What you have to do:
All lines from the one containing "Haziran ayı sonunda" through the end of the material are to be given back exactly, without pictures.

Material provided:
[Start of Attachment]

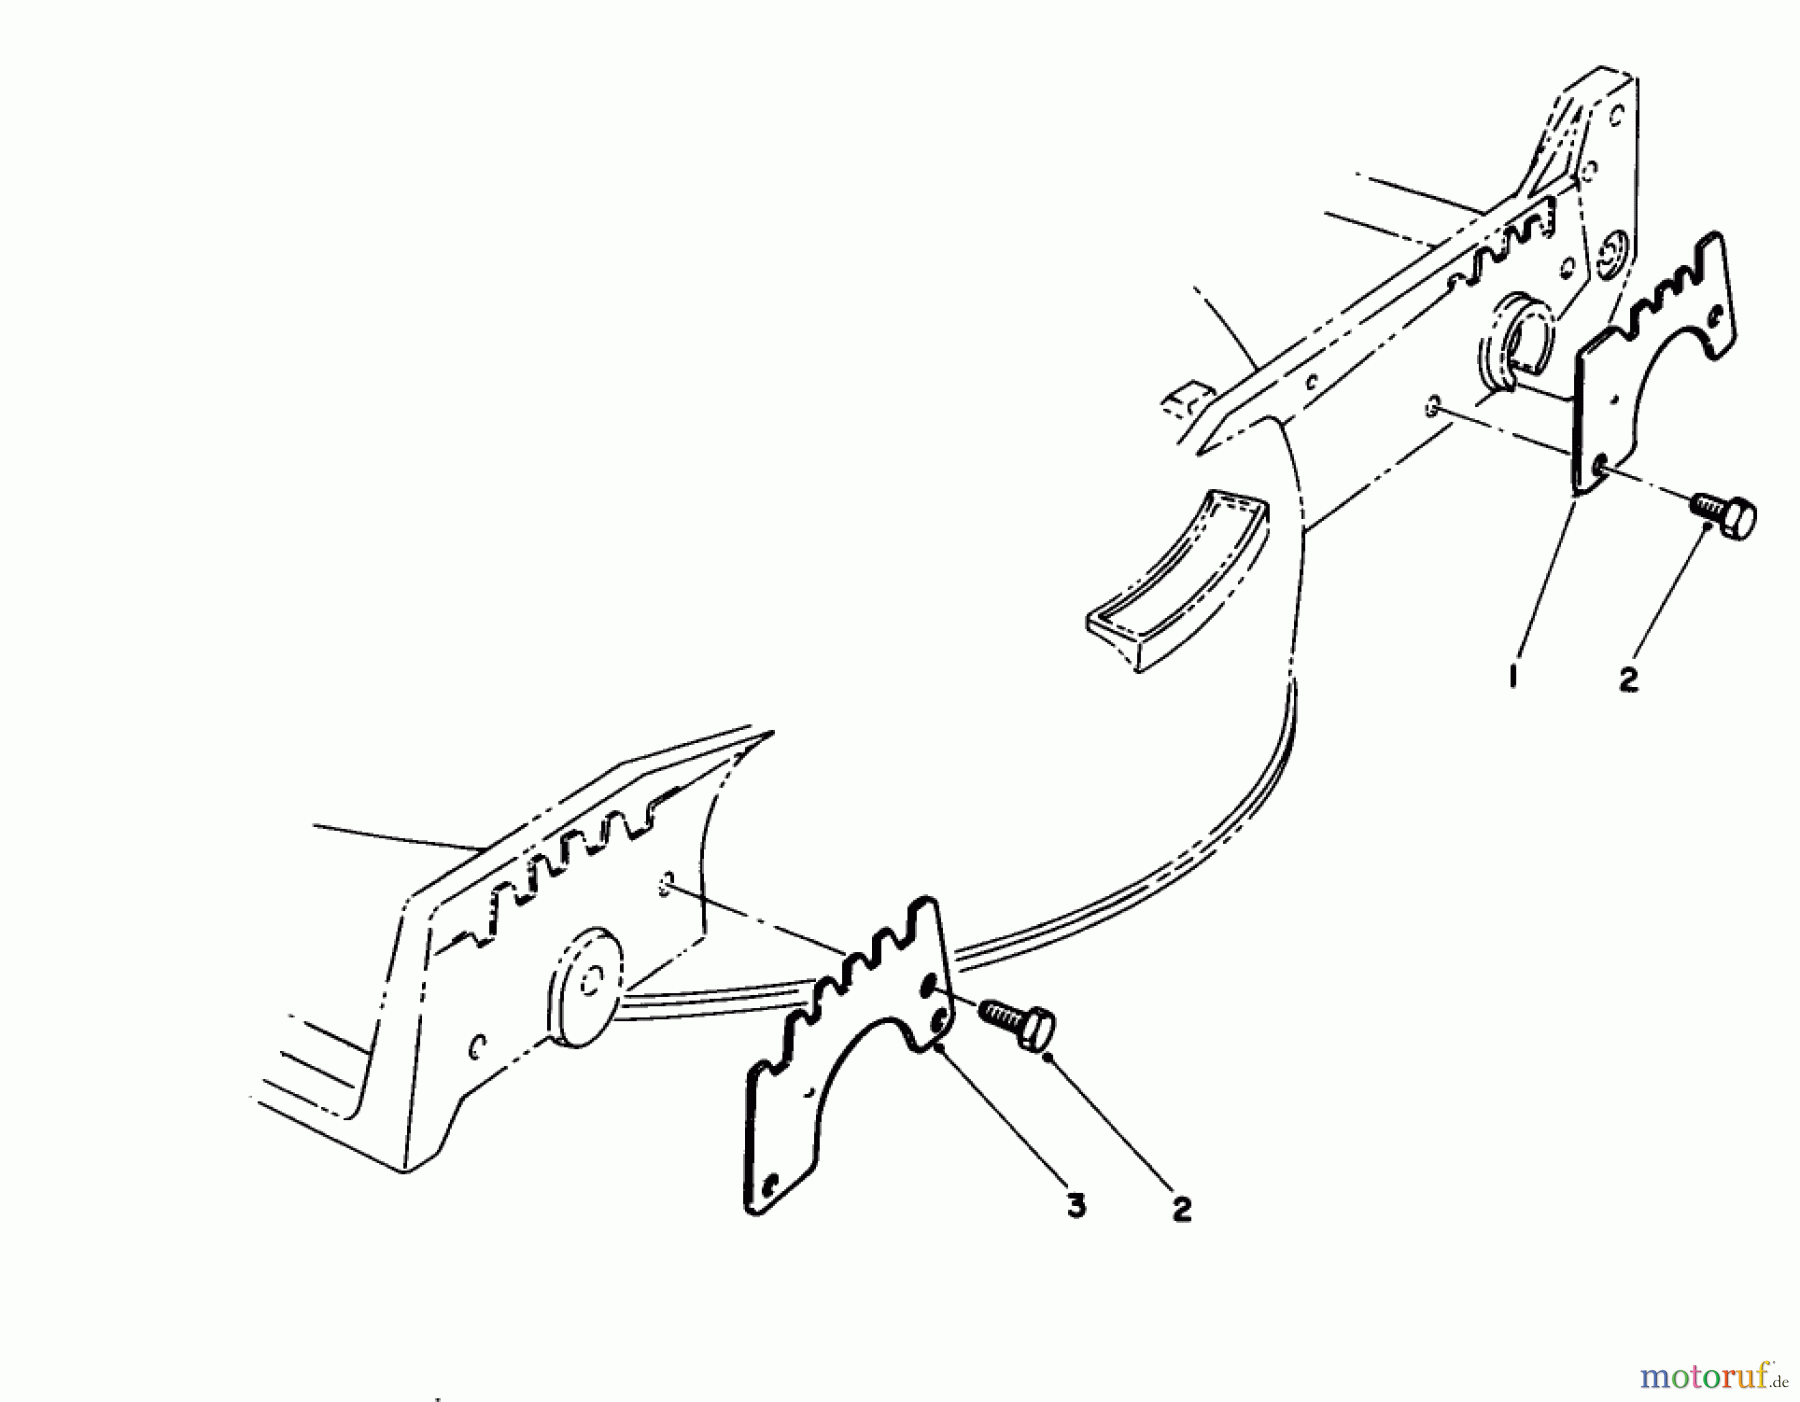  Toro Neu Mowers, Walk-Behind Seite 1 20214 - Toro Lawnmower, 1992 (2000001-2999999) WEAR PLATE MODEL NO. 49-4080 (OPTIONAL)
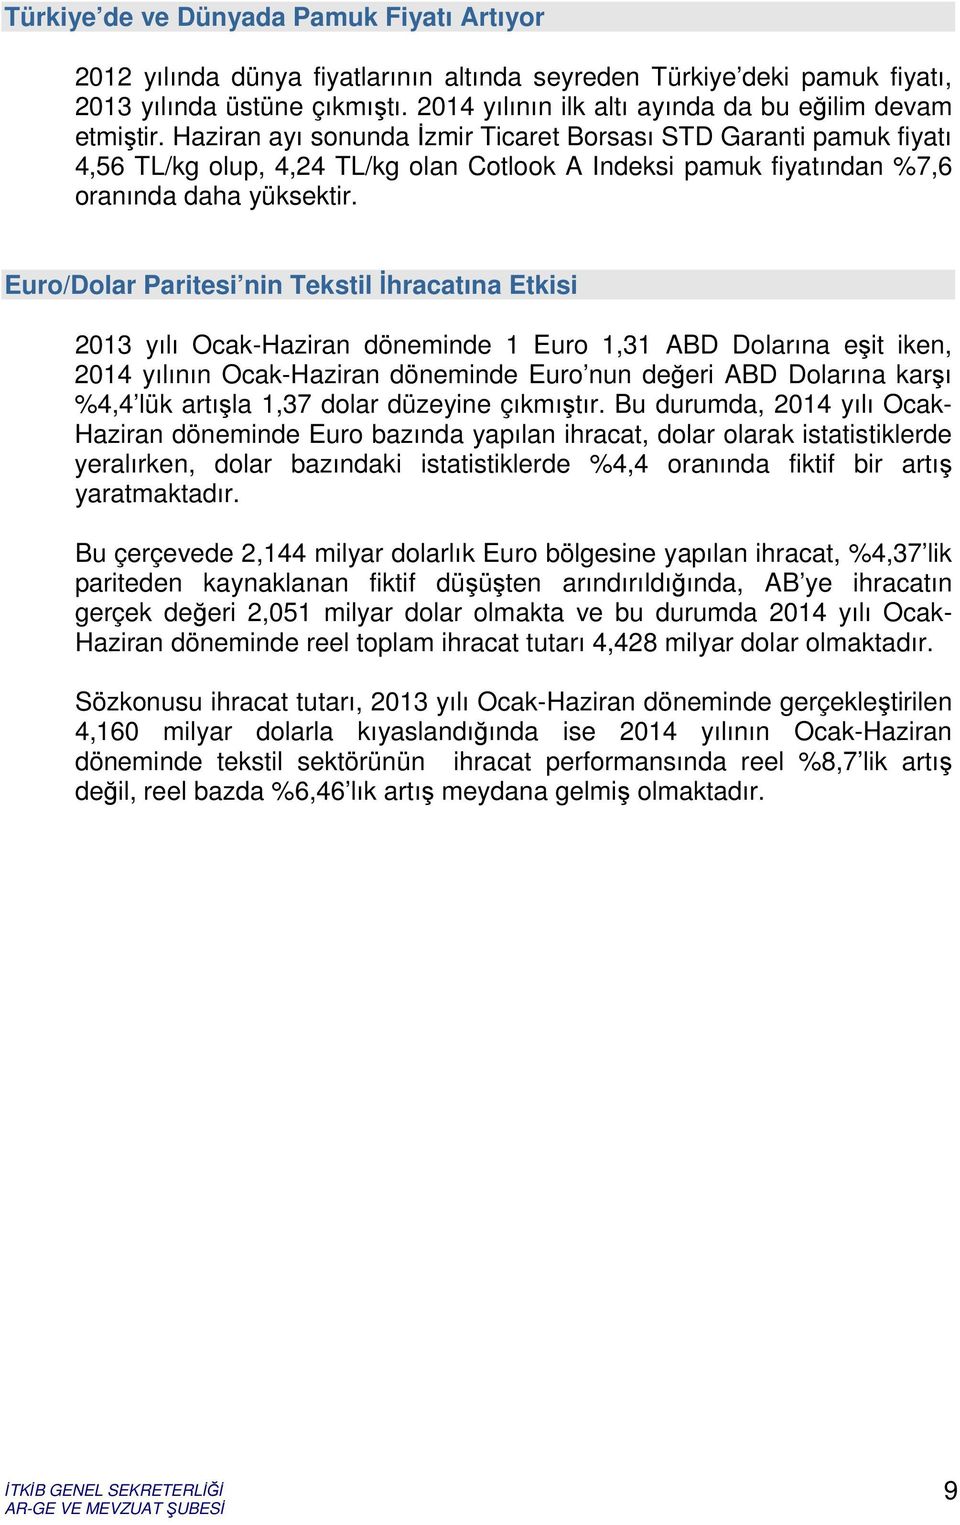 Haziran ayı sonunda İzmir Ticaret Borsası STD Garanti pamuk fiyatı 4,56 TL/kg olup, 4,24 TL/kg olan Cotlook A Indeksi pamuk fiyatından %7,6 oranında daha yüksektir.
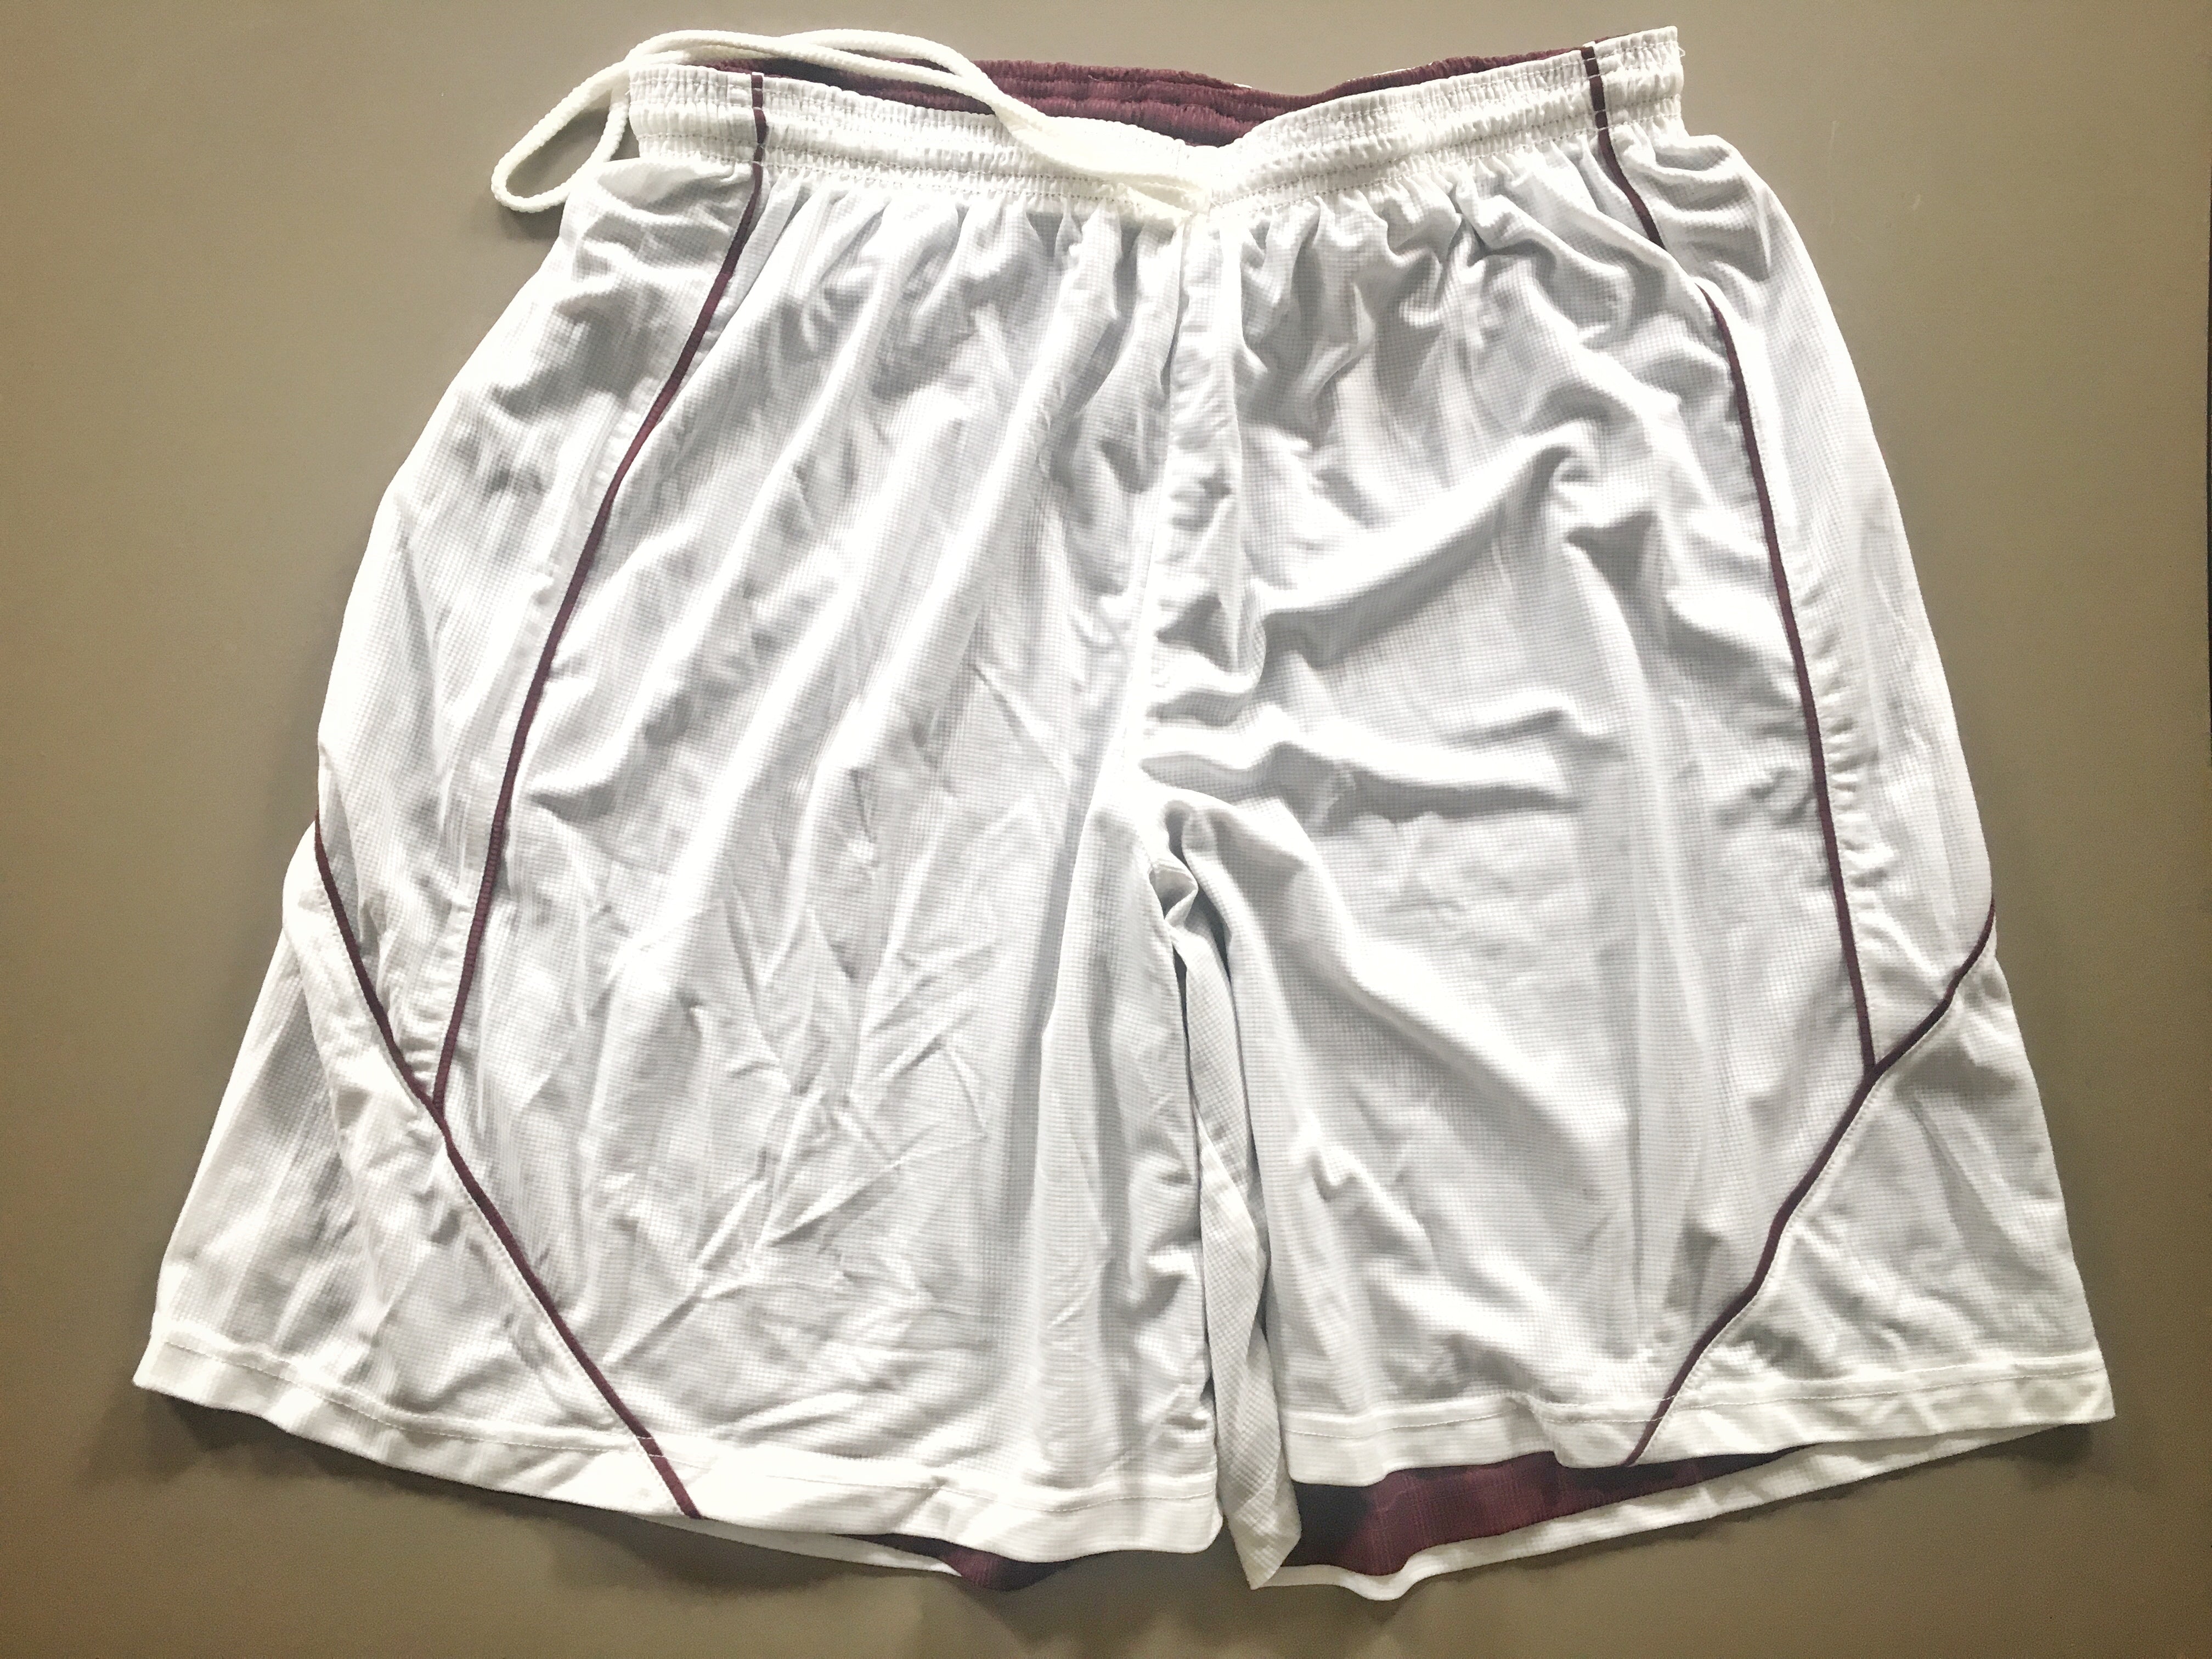 Shorts (maroon/white or black/white, reversible, knee-length)

[End of Attachment]

Reply to the exercise:
 Haziran ayı sonunda İzmir Ticaret Borsası STD Garanti pamuk fiyatı 4,56 TL/kg olup, 4,24 TL/kg olan Cotlook A Indeksi pamuk fiyatından %7,6 oranında daha yüksektir.
 Shorts (maroon/white or black/white, reversible, knee-length)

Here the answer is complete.